When building a website, e-commerce store or any functionality that allows an end user to submit information, we try to avoid using Captcha systems where possible, but as every developer knows its sometimes a necessary evil in order to stop spam from hitting your system.
The National Federation for the Blind have critisised the E-Petition on the White House website because the captcha is prohibitive to some of their members, a white house spokesperson has said that their website does comply with current US Accessibility laws, but it does raise the question as to what alternatives are out there for website developers to implement that can get around these issues. This is by no means comprehensive, but here are a few alternatives we’ve come across in the past.
A popular captcha system and one we have used in the past. This system claims to be accessible for blind users via its spoken version which allows them to hear the words. We tried this, and found it next to impossible to work out what we should be typing amongst the background noises and alien voices.
Logic based captcha
Employing logic to solve a captcha is a possible solution, by asking a question prompting for the relevant answer you can avoid having to use distorted imagery that’s aim is to deter OCR scanning e.g. What colour is snow?. The problem is that you need to have a sufficiently large question database, or the facility to generate with enough randomness to prevent bots from coming up with all the correct answers.
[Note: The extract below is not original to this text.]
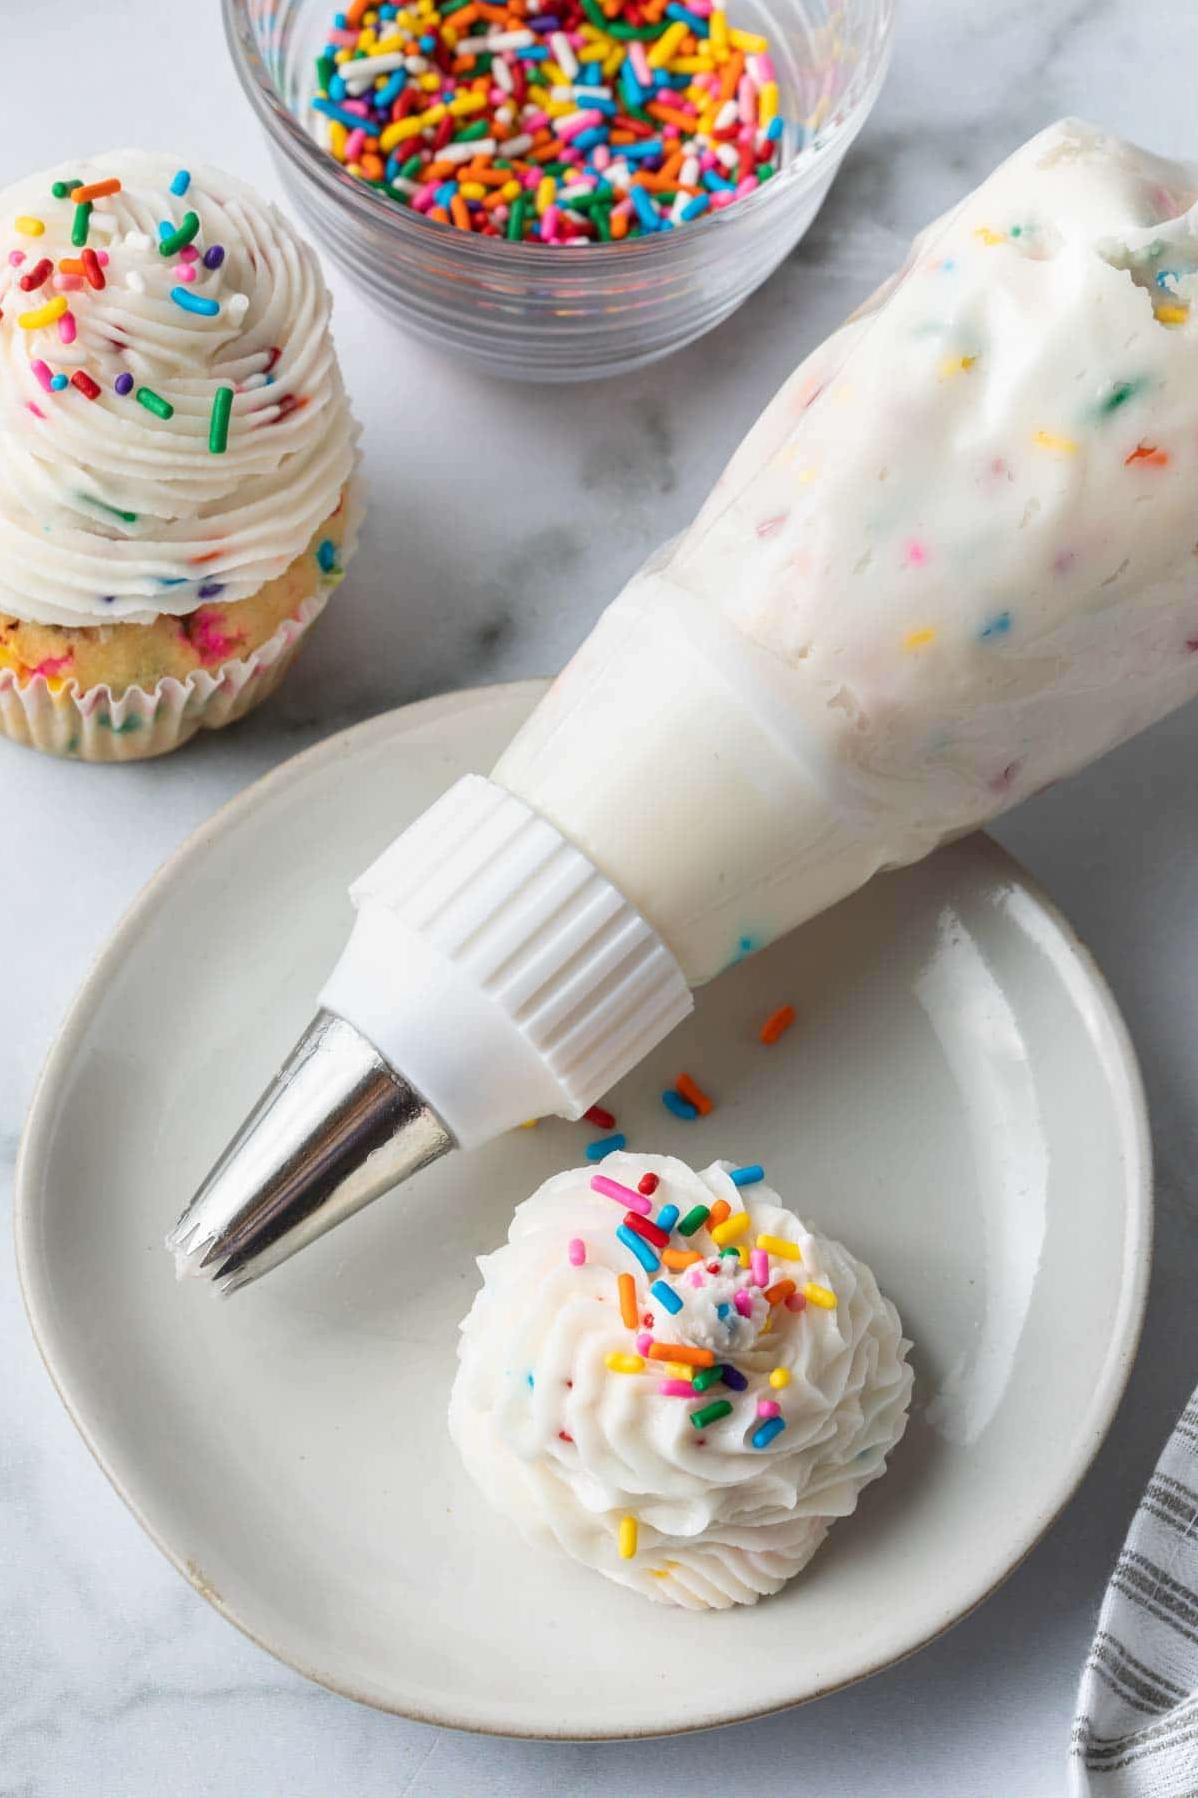  A little frosting never hurt nobody!

If receiving some spam isn’t an issue, you could remove the captcha altogether and implement an IP based solution to help reduce the number of requests you receive. This works fine until you come across a bot submitting requests from a number of IP addresses and/or if a group of users all fall under the same external IP address (e.g. a corporate network, local govt etc).
You could implement a “honey pot” for spammers by including a hidden form element that you create with the sole purpose of expecting that a spam-bot will fill it out, you can then check for this field and filter out any submission that includes it knowing that a real user wouldn’t have seen it.